Such objections to Thanksgiving could be one reason there has been little celebration for the 400th anniversary of the Pilgrims arriving in November 1620 at what is now Cape Cod out in Massachusetts. Indeed, most people seem unaware of the anniversary, which has been Voldemorted turned into the “anniversary that must not be named” . . .  unless it is to denounce it.

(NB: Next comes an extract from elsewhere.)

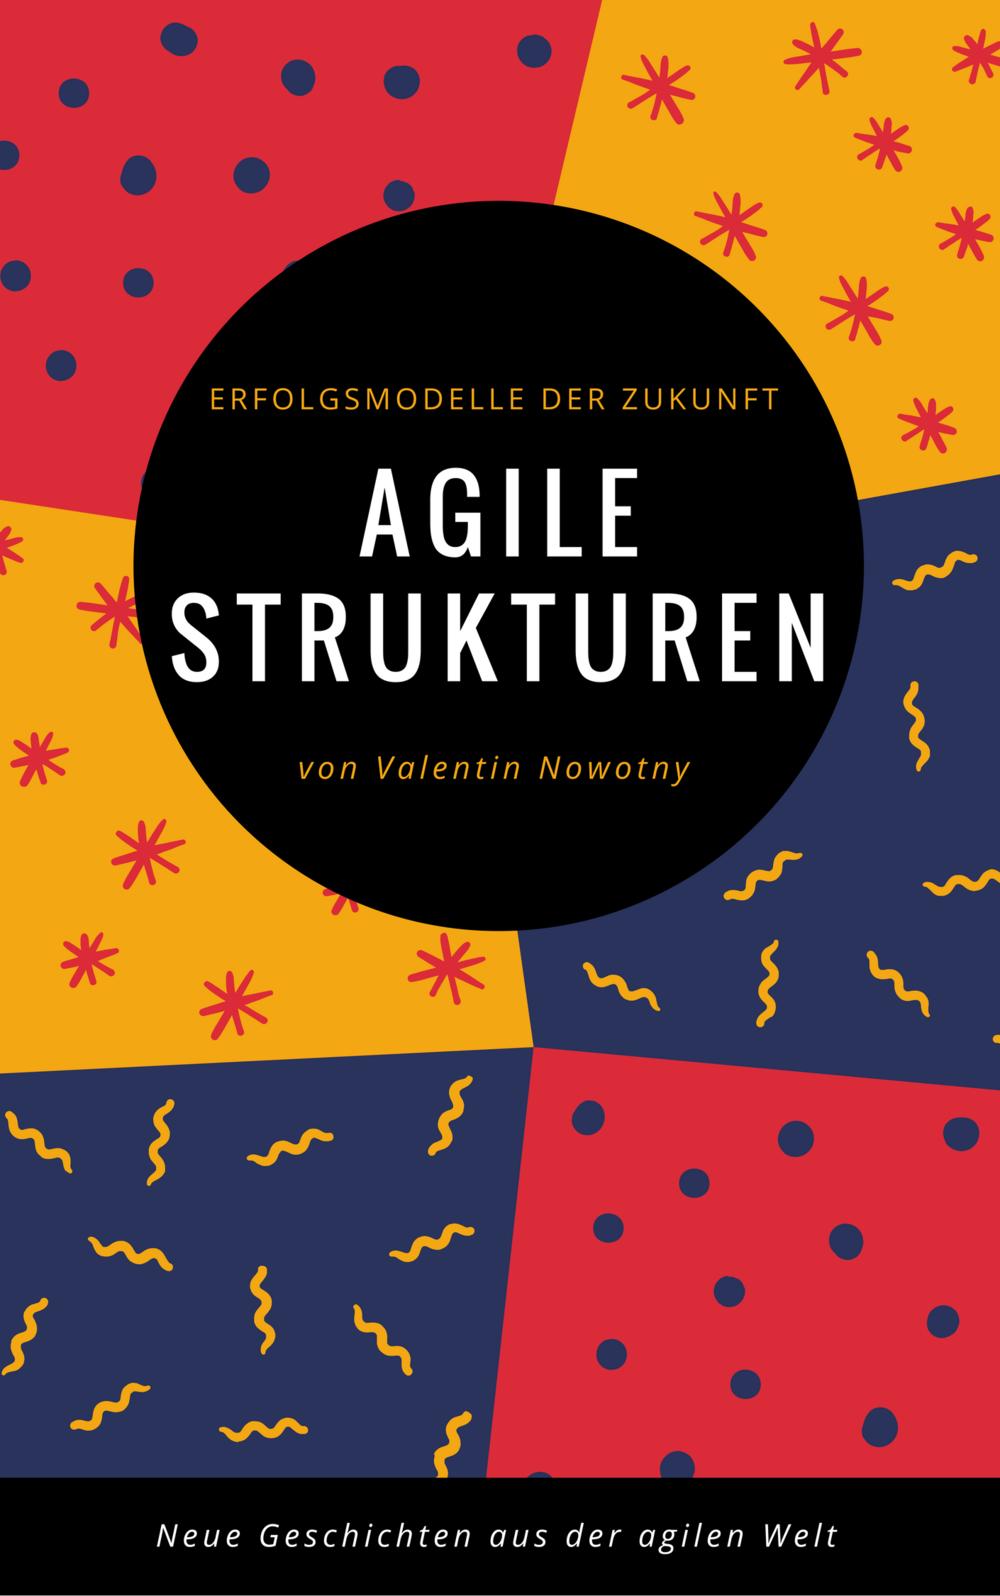 Agile Strukturen.png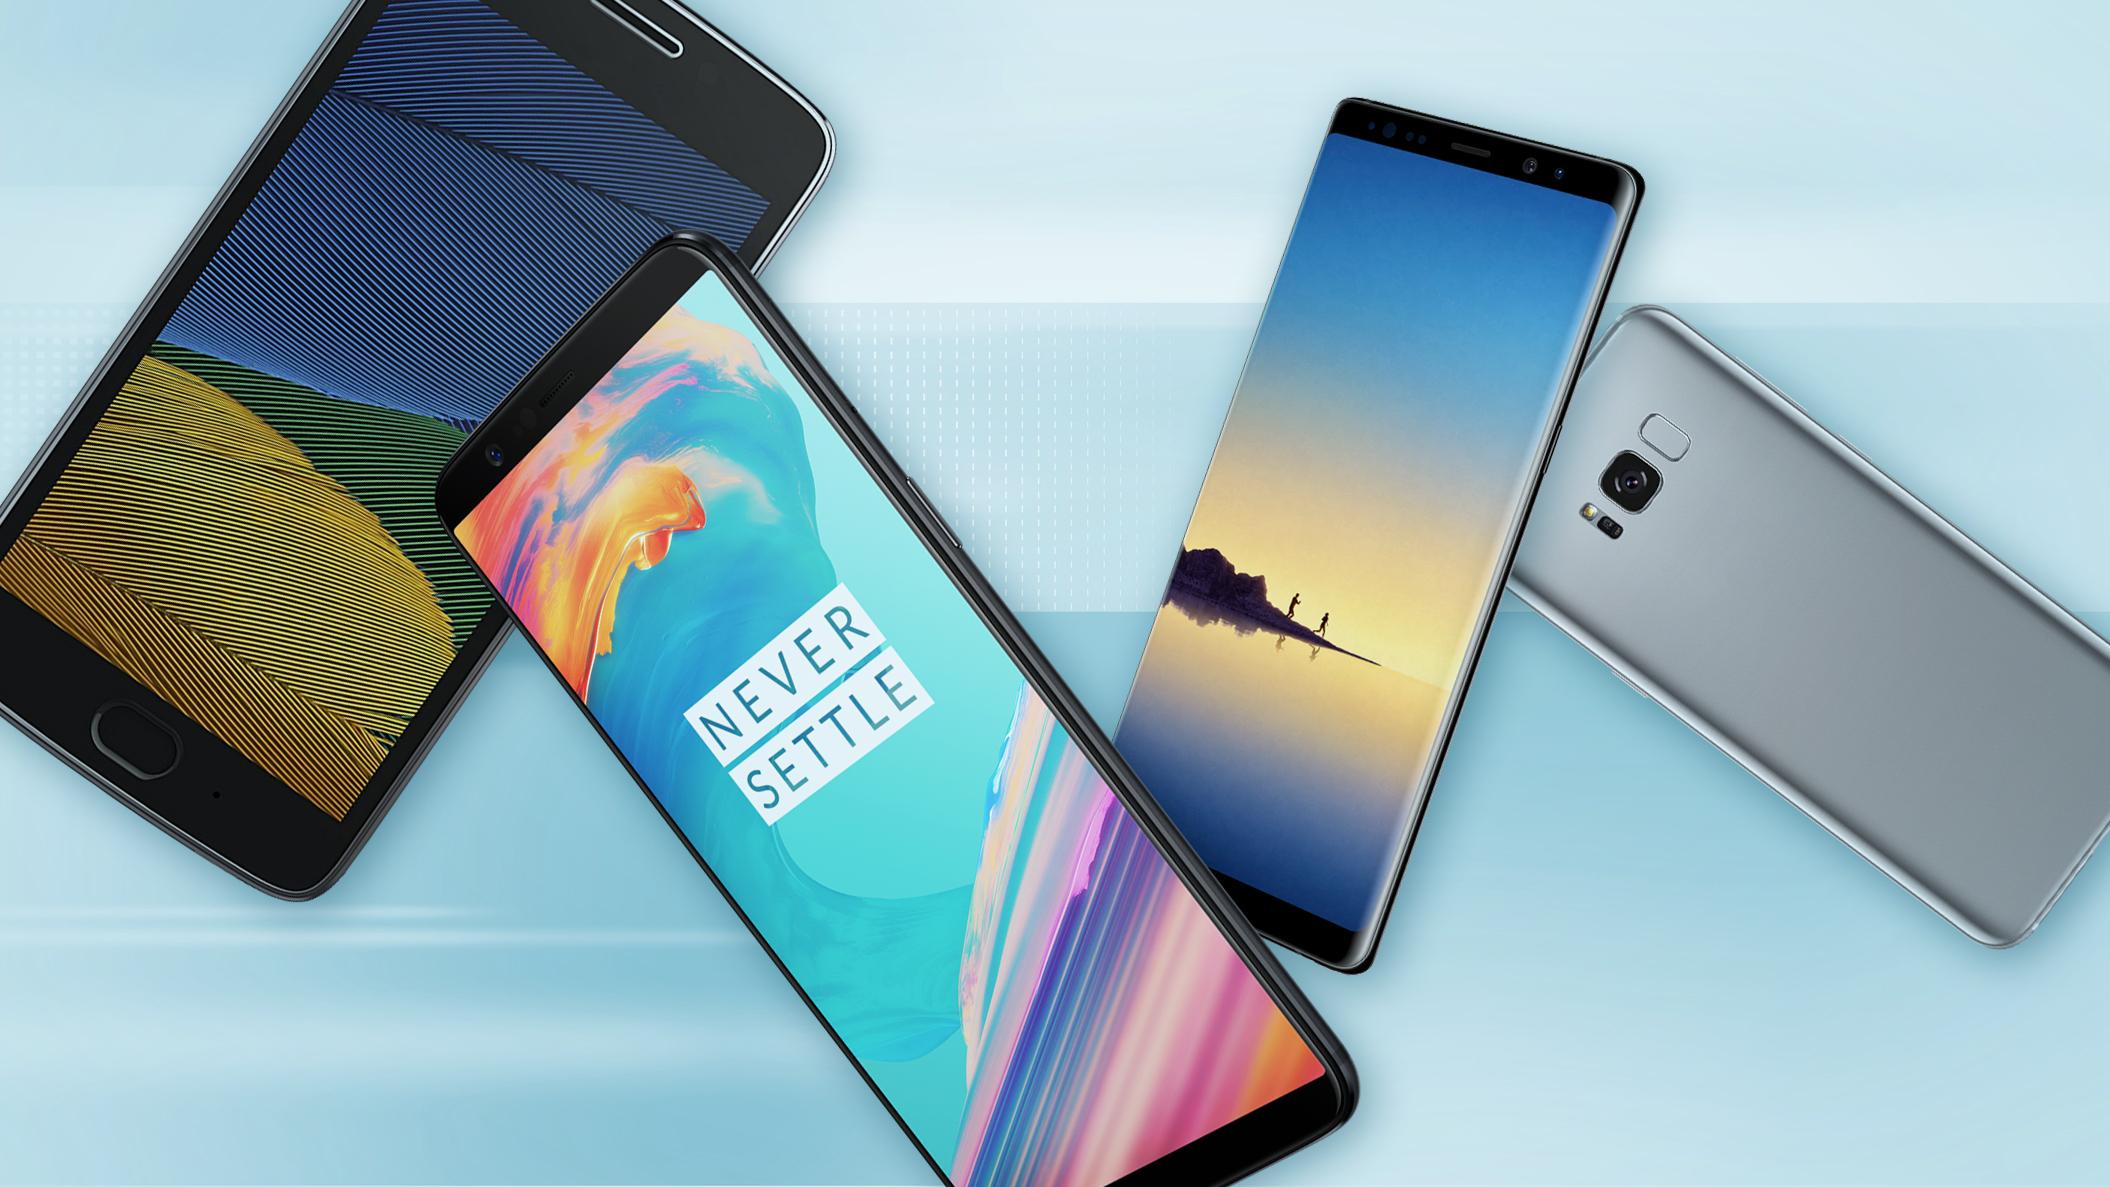 classifica migliori 5 smartphone top di gamma aprile 2018

There is no doubt that the colonization of our nation led to great atrocities against the native population as well as disease and displacement. It is an indelible and shameful part of our history. Yet in this shrill debate, there is little room for a complete understanding of the Pilgrims or who they were. Critics of the holiday often push their own simplistic stereotypes over the Pilgrims while they denounce similar stereotypes in modern life. Johnson, for instance, insists the Pilgrims should not be viewed as victims seeking religious freedom but as part of a “commercial venture.”

The Pilgrims in reality were extraordinary individuals with an inspiring tale. They were under the persecuted minority known as the English Separatist Church. Hounded out of England, they made it over to the Netherlands to pursue freedom of faith. They were eventually known as “nonconformists” for refusing to adhere to orthodoxy. They later sailed aboard a ship called the Mayflower to search for freedom in the New World. Indeed, their great Mayflower Compact was the first articulation of government of the people and a new “civil body politic” in this hemisphere of earth.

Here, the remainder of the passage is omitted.